* [Problem to work on]
Please return the lines of the data below, word for word, from the first line through the line containing "Are Lip Injections".

[Input records]

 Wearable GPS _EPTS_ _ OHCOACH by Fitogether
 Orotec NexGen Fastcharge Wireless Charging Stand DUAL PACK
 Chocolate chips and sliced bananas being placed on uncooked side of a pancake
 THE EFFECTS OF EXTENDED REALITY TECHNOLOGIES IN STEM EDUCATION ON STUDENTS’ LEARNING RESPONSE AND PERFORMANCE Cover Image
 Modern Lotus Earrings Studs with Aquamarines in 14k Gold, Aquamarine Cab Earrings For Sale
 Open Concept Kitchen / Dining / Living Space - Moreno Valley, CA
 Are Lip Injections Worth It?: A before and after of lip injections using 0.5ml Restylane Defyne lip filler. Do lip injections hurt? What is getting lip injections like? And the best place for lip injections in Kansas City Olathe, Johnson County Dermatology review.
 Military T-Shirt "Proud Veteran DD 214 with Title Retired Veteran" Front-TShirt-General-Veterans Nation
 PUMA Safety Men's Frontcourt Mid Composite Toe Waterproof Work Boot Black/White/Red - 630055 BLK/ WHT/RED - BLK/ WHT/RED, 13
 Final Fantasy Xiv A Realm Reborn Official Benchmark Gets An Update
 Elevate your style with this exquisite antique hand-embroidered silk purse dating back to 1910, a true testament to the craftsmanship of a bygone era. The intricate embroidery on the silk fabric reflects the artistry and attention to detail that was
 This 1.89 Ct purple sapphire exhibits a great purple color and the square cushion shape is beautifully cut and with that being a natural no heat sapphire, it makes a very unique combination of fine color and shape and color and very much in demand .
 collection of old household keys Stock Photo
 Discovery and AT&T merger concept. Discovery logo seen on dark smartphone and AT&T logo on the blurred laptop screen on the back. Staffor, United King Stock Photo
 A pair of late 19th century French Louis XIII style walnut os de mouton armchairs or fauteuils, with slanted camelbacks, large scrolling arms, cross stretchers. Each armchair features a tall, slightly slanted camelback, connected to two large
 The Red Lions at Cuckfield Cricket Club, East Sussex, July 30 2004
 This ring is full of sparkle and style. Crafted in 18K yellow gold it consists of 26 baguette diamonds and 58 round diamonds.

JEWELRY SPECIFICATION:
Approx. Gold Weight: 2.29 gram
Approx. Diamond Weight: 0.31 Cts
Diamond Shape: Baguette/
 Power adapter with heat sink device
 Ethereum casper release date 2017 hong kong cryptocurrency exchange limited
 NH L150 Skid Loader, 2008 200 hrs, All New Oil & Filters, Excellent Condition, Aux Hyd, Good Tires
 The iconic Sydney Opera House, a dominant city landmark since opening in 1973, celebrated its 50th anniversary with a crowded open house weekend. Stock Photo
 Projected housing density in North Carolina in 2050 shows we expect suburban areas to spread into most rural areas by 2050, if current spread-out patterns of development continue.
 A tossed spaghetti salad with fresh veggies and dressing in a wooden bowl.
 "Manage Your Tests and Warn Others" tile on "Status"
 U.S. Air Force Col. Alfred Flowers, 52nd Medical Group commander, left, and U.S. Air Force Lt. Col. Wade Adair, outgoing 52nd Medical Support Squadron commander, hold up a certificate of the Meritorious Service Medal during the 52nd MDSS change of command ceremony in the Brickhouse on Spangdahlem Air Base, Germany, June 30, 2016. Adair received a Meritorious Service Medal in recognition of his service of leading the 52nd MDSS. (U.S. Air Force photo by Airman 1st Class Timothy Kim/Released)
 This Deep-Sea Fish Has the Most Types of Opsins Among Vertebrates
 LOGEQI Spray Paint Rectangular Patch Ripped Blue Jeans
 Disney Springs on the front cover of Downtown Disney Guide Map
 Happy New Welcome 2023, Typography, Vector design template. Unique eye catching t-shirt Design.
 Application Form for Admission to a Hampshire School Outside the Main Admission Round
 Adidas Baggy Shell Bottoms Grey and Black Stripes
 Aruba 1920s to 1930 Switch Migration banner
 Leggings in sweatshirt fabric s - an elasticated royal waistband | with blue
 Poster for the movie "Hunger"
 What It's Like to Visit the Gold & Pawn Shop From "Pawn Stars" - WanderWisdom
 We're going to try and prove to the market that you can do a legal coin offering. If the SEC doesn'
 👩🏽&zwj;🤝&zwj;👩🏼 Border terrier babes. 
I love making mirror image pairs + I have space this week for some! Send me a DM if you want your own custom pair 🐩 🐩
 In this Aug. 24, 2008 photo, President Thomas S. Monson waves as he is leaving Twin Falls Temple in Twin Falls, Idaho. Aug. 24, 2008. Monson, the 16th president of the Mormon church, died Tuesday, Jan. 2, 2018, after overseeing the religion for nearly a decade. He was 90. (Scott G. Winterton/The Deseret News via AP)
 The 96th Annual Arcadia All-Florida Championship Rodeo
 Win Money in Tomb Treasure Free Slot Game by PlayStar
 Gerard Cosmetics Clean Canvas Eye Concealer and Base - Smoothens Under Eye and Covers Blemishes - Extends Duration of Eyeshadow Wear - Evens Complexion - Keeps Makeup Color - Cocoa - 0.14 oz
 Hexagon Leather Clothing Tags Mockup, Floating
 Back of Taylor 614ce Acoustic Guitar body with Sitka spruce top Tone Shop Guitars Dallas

[/Input records]

* [Final answer]
 Wearable GPS _EPTS_ _ OHCOACH by Fitogether
 Orotec NexGen Fastcharge Wireless Charging Stand DUAL PACK
 Chocolate chips and sliced bananas being placed on uncooked side of a pancake
 THE EFFECTS OF EXTENDED REALITY TECHNOLOGIES IN STEM EDUCATION ON STUDENTS’ LEARNING RESPONSE AND PERFORMANCE Cover Image
 Modern Lotus Earrings Studs with Aquamarines in 14k Gold, Aquamarine Cab Earrings For Sale
 Open Concept Kitchen / Dining / Living Space - Moreno Valley, CA
 Are Lip Injections Worth It?: A before and after of lip injections using 0.5ml Restylane Defyne lip filler. Do lip injections hurt? What is getting lip injections like? And the best place for lip injections in Kansas City Olathe, Johnson County Dermatology review.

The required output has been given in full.